|EPA, Advocates Defend SO2 NAAQS Designations Consent Decree|
EPA, Advocates Defend SO2 NAAQS Designations Consent Decree
In briefs submitted October 13 to the U.S. Court of Appeals for the 9th Circuit, EPA and environmentalists are defending attacks on their consent decree to establish an extended schedule for the agency to designate all areas of the country as either attaining or in nonattainment with its 2010 sulfur dioxide (SO2) NAAQS (national ambient air quality standard), a pact some states oppose as they want to force immediate designations. The agency reached agreement with environmentalists on March 2 in the U.S. District Court for the Northern District of California to complete designation of areas for the SO2 NAAQS by the end of 2020, years after EPA should have done so under the schedule established by the Clean Air Act.

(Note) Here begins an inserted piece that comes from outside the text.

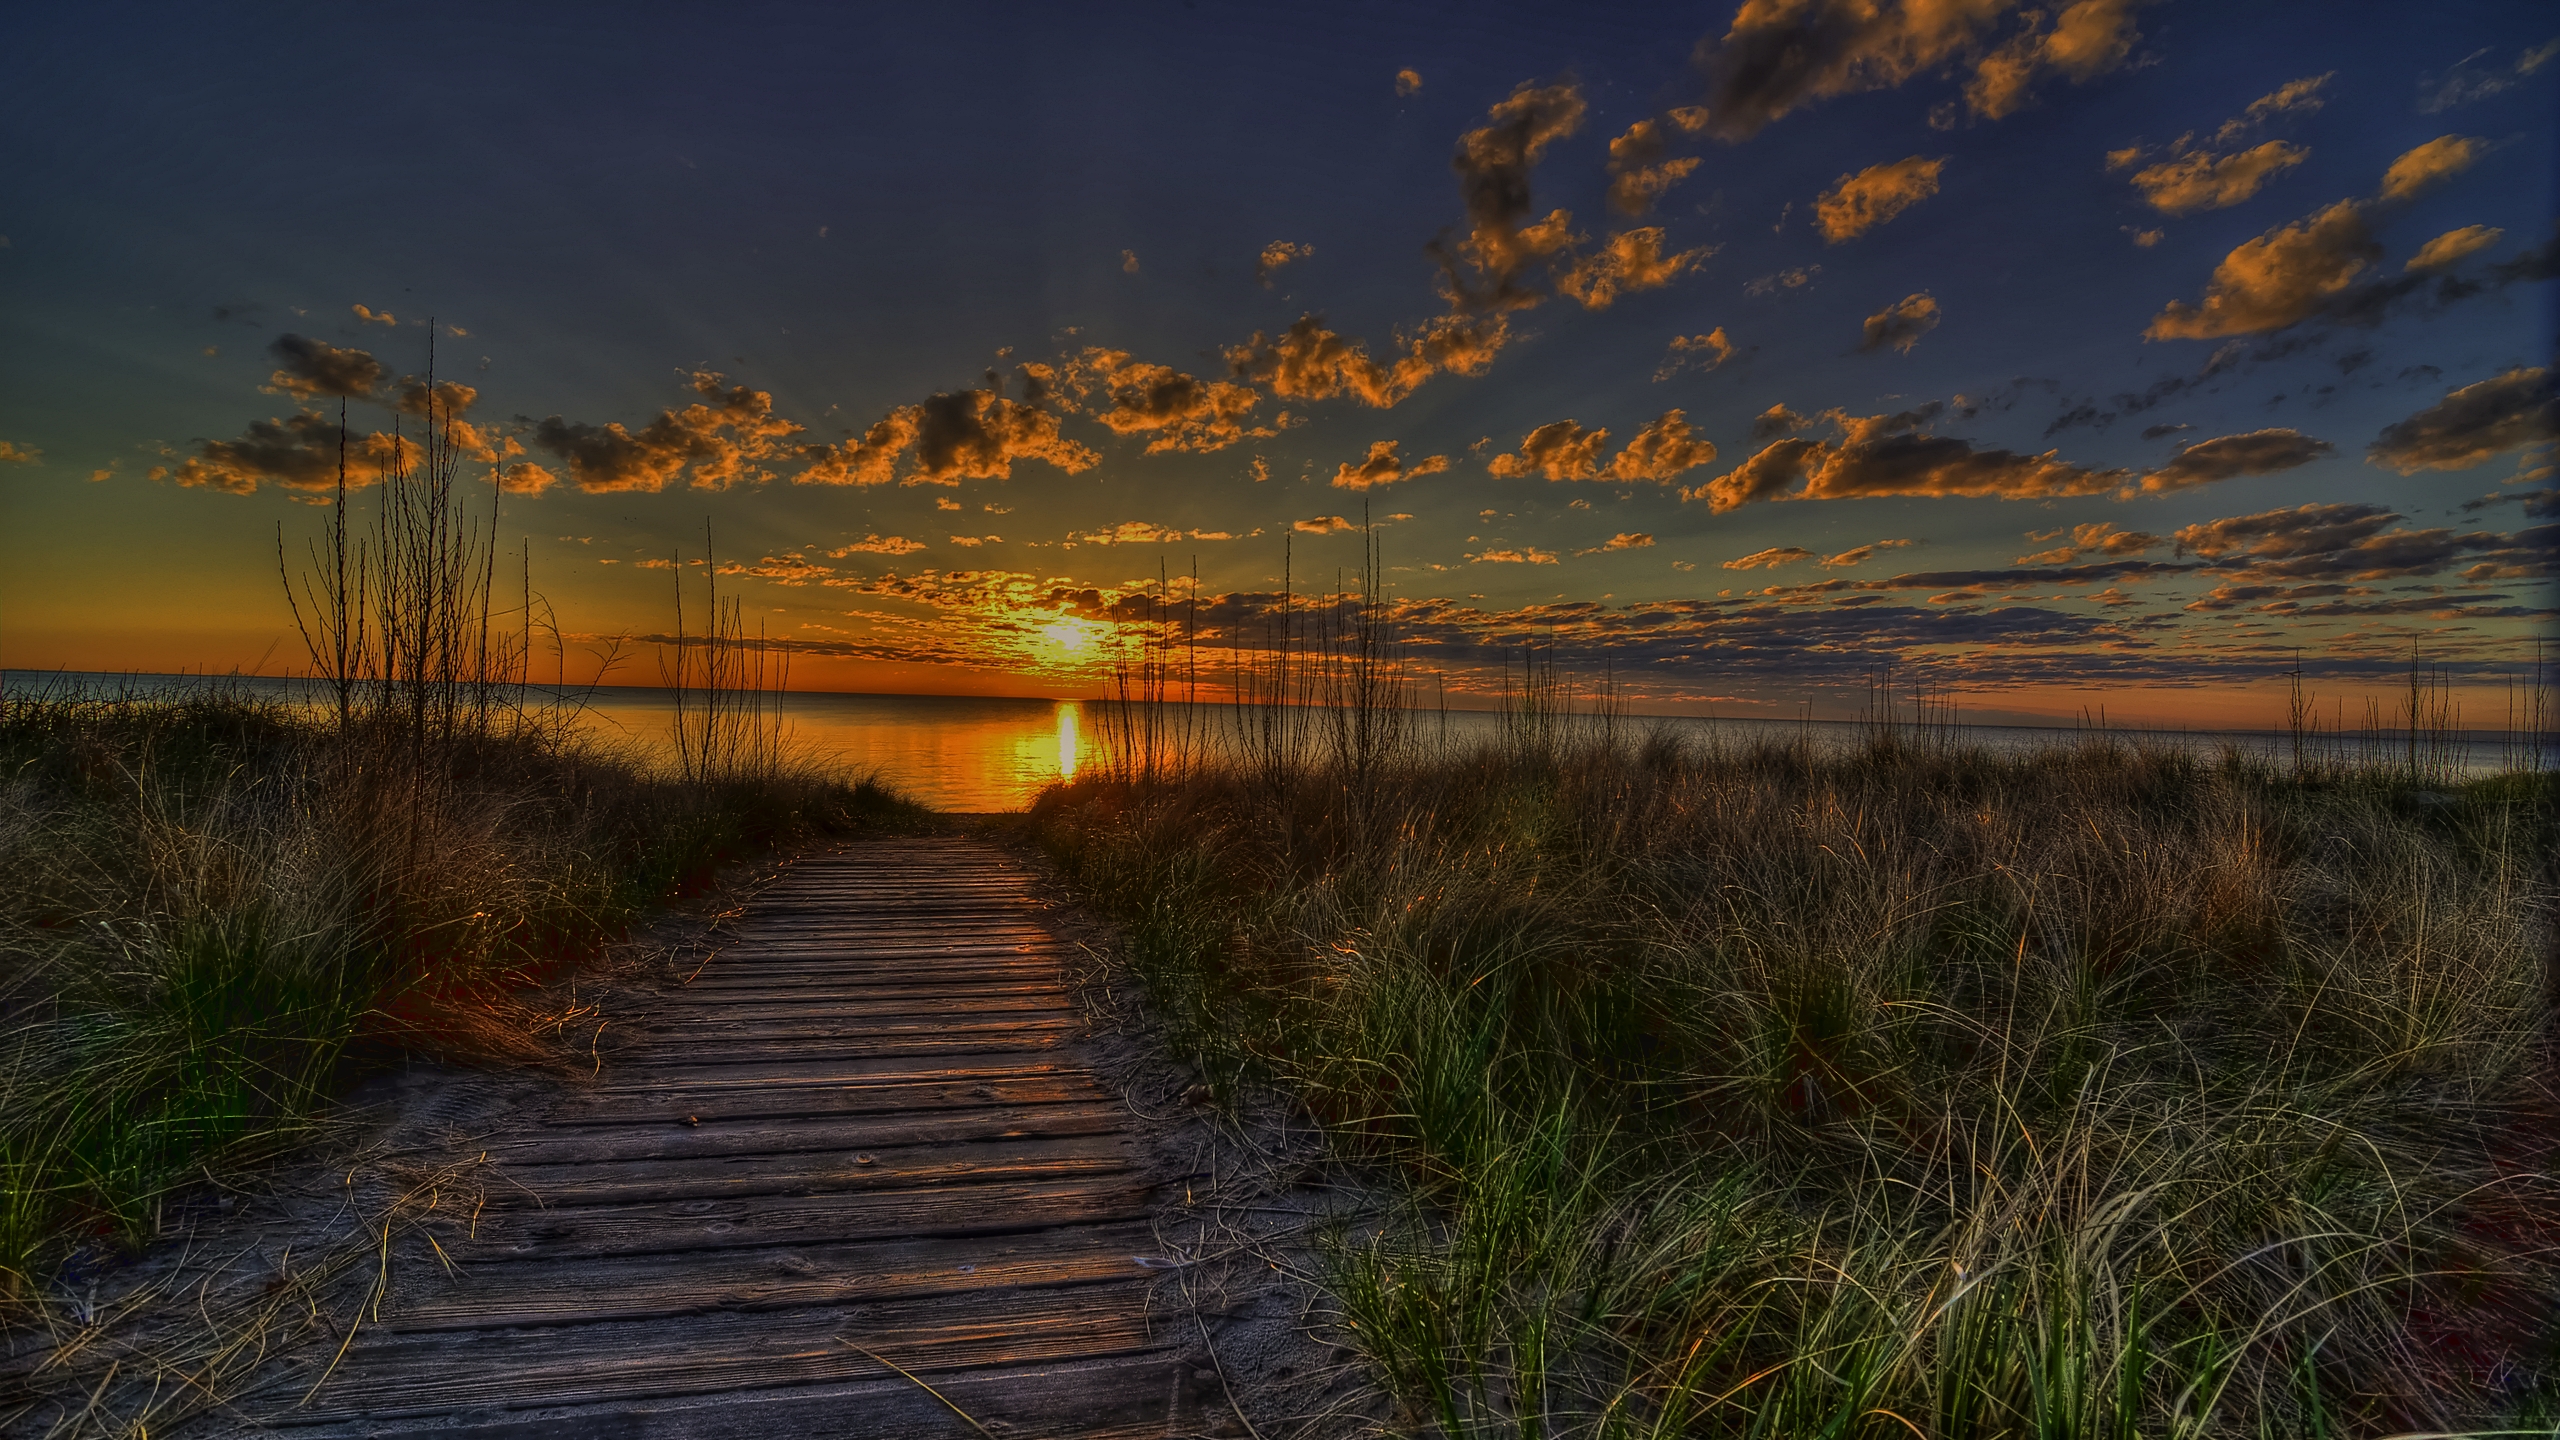 HDR HD Wallpaper | Background Image | 2560x1440 | ID ...

EPA's designation process was slowed by the need to establish a new monitoring network to assess compliance with the 2010 NAAQS, set at 75 parts per billion (ppb), which uses a novel one-hour averaging time compared to the prior SO2 standard set in 1971 which was 140 ppb over a day or 30 ppb annually. The settlement agreement establishing the deadline for EPA to complete designations resolved a deadline suit filed by advocates to force the designations.

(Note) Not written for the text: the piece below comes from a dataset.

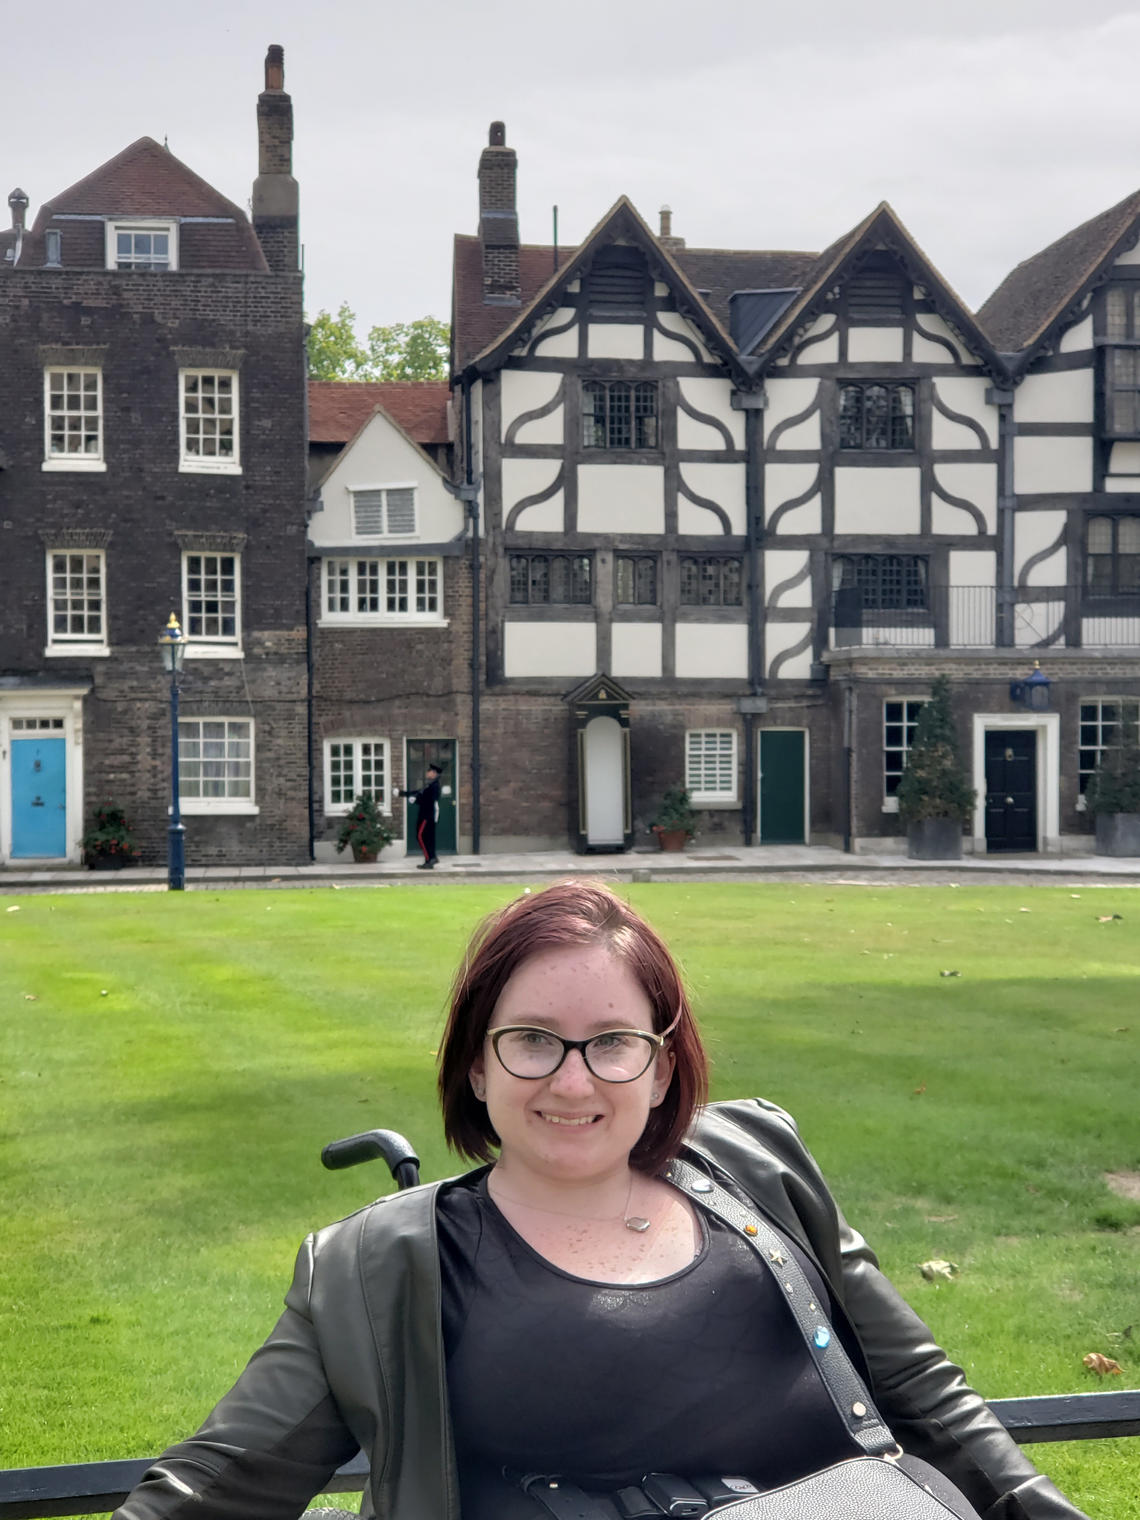 Keighley Schofield helped develop the Transition Navigator Trial project. The third-year psychology student at St. Mary’s University College in Calgary is pictured here on her summer vacation visiting London, England.

But states that intervened in the litigation also seeking faster designations now say the deal does not go far enough. The six intervenor states, supported by another 16 states as amici, say that the timeline is still unlawfully long and that the settlement agreement effectively shut them out of the deadline agreement process. The intervenor states -- Arizona, Kentucky, Louisiana, Nevada, North Dakota and Texas -- are therefore appealing the case to the U.S. Court of Appeals for the 9th Circuit in the present round of litigation. They seek immediate designation of all areas, with areas unable to produce monitoring data designated as “unclassifiable,” a status that avoids the regulatory burden of a nonattainment designation.